■ **PROBLEM TO WORK ON**: Verbatim copy, images omitted: return the full listing.

■ **INFORMATION SUPPLIED**:
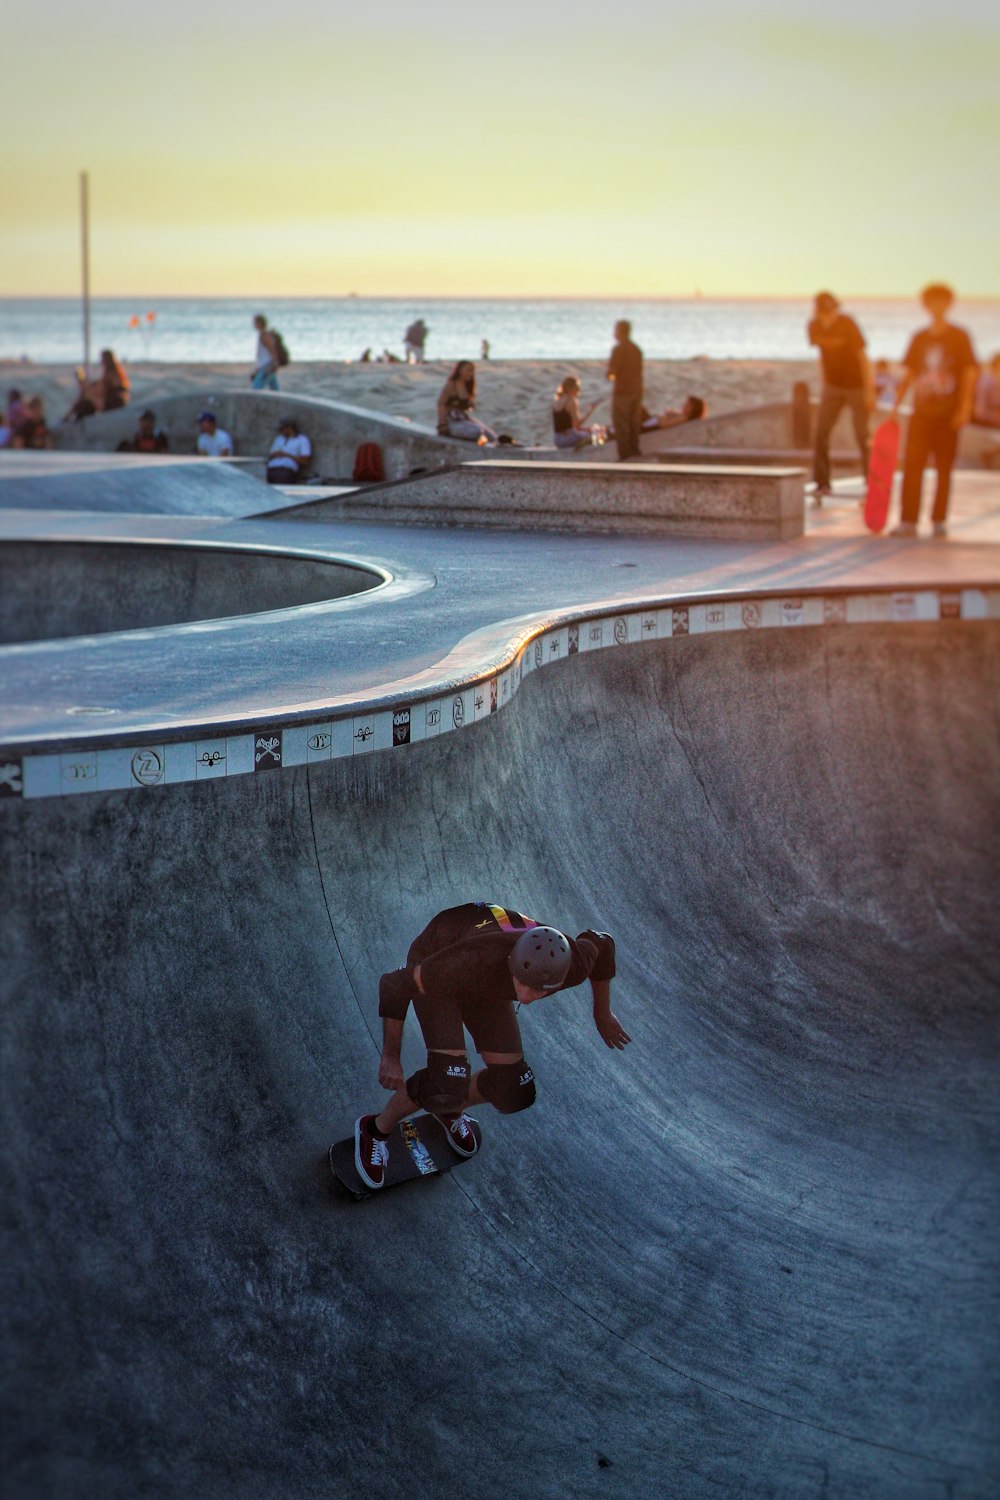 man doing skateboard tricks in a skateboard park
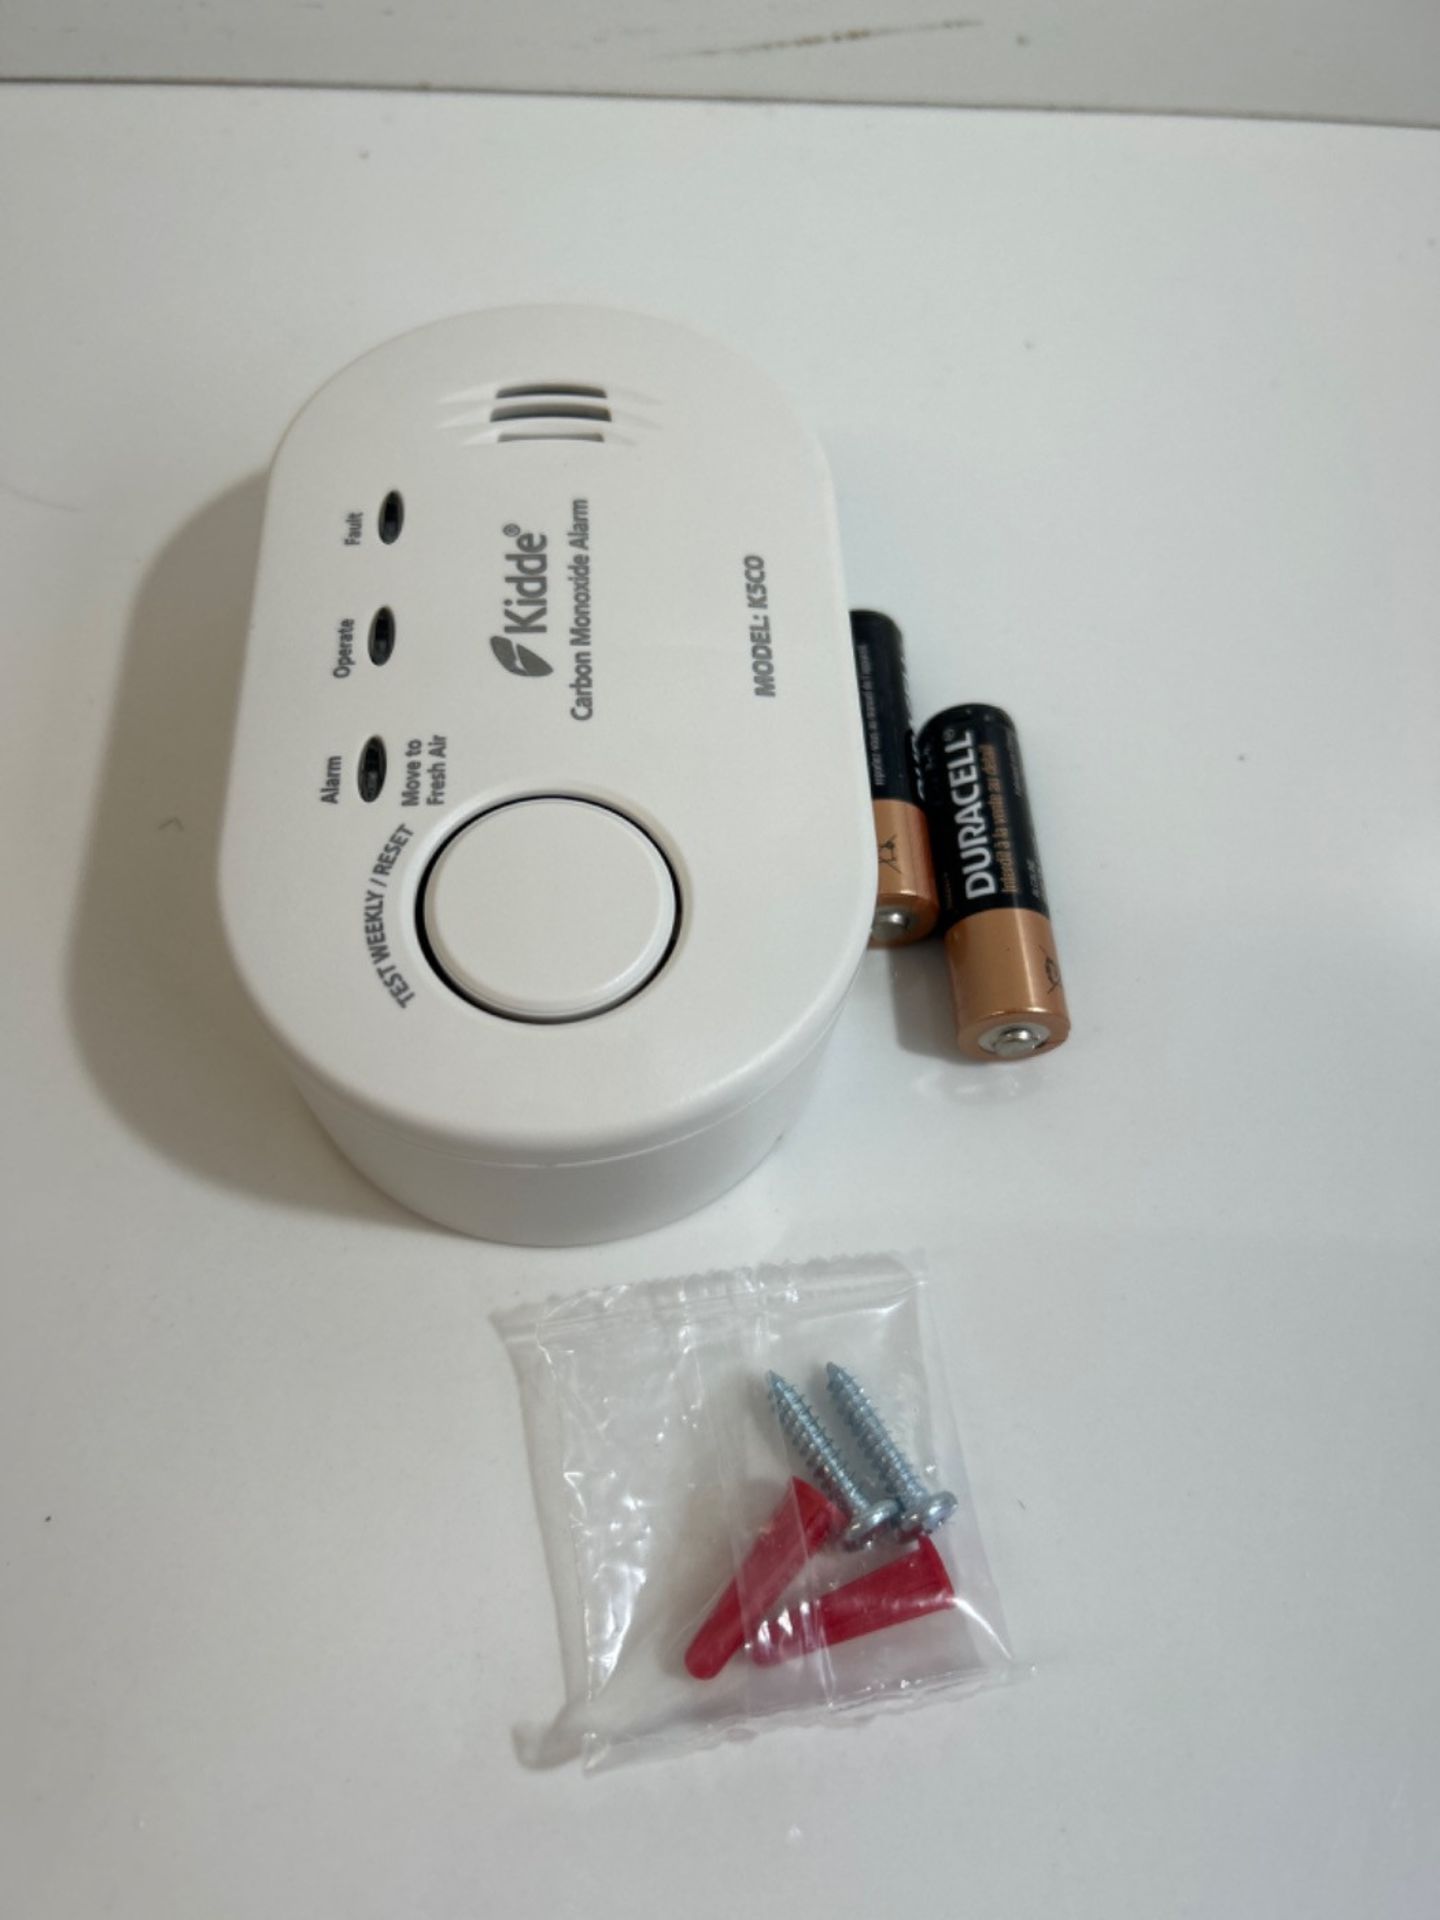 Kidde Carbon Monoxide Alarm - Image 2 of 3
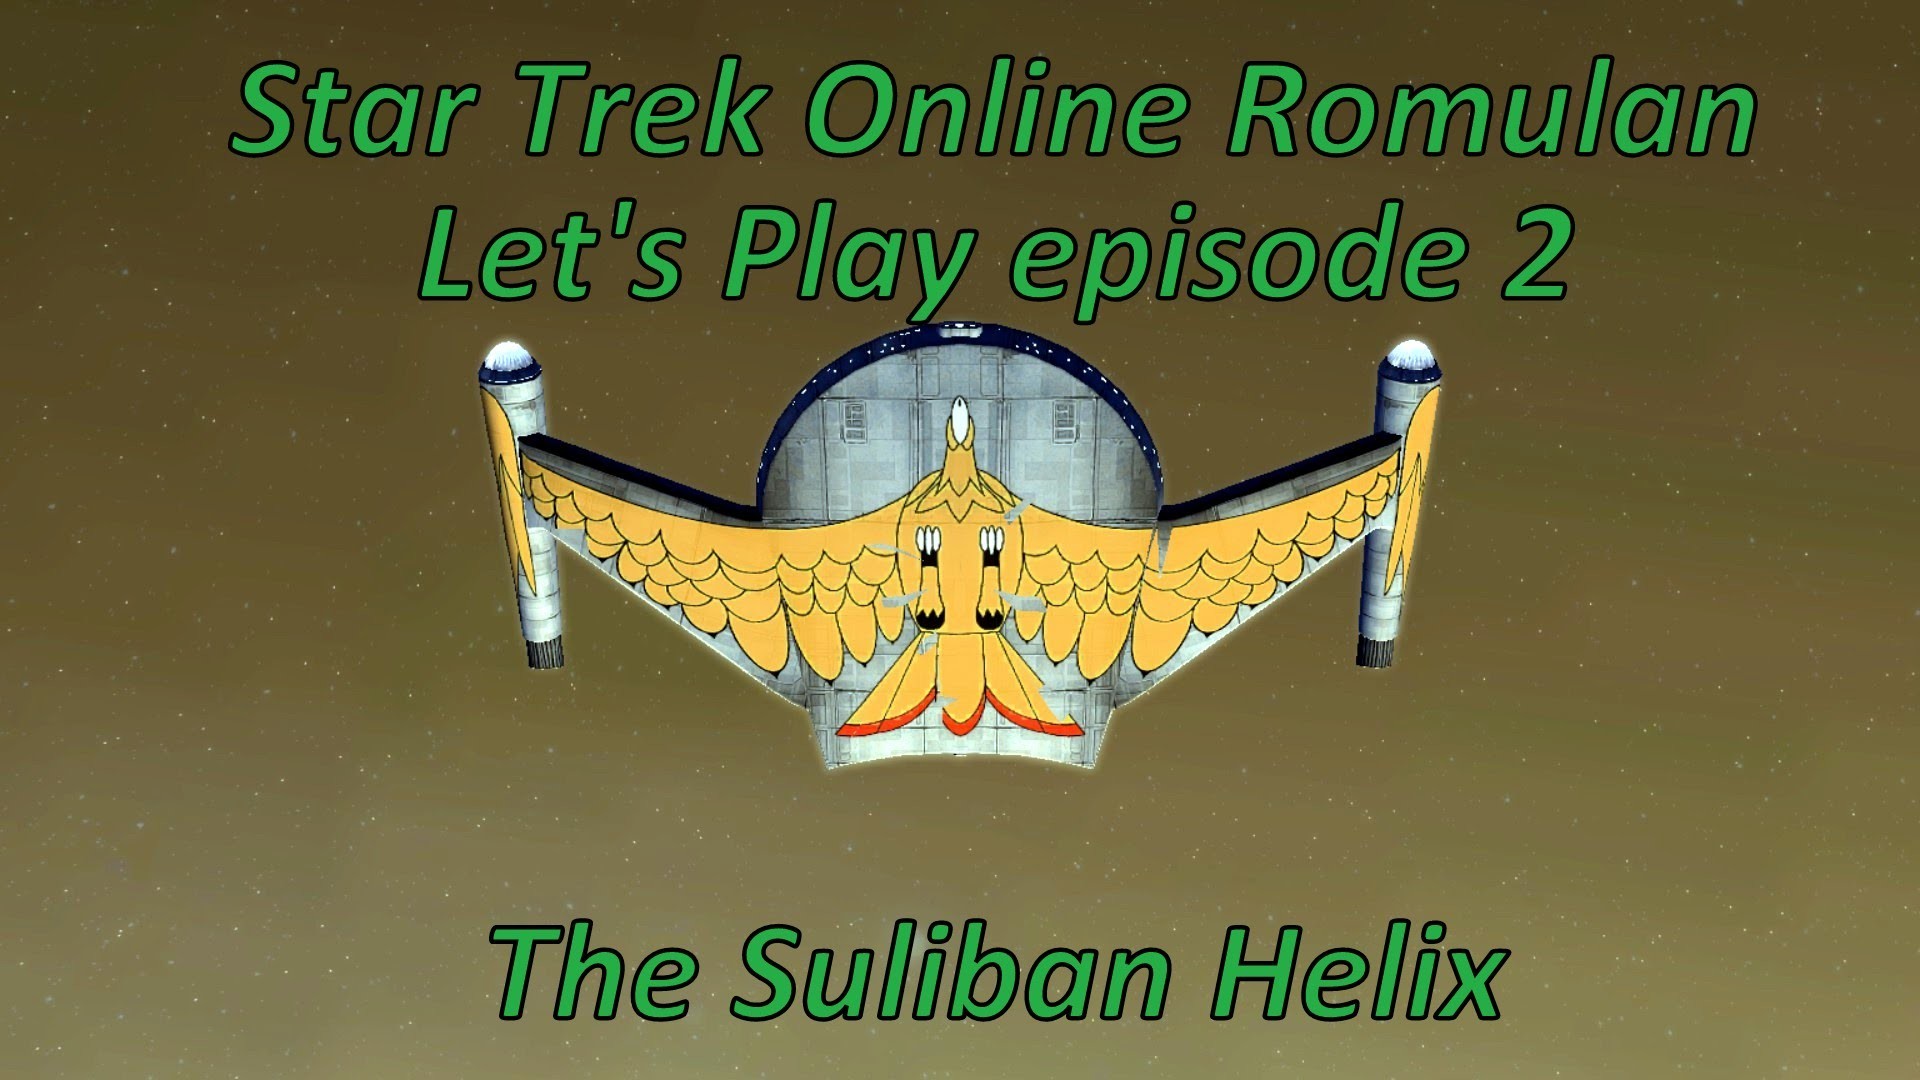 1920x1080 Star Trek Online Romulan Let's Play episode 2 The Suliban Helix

■ **SOLUTION**:
 man doing skateboard tricks in a skateboard park
 Kidde Carbon Monoxide Alarm - Image 2 of 3
 1920x1080 Star Trek Online Romulan Let's Play episode 2 The Suliban Helix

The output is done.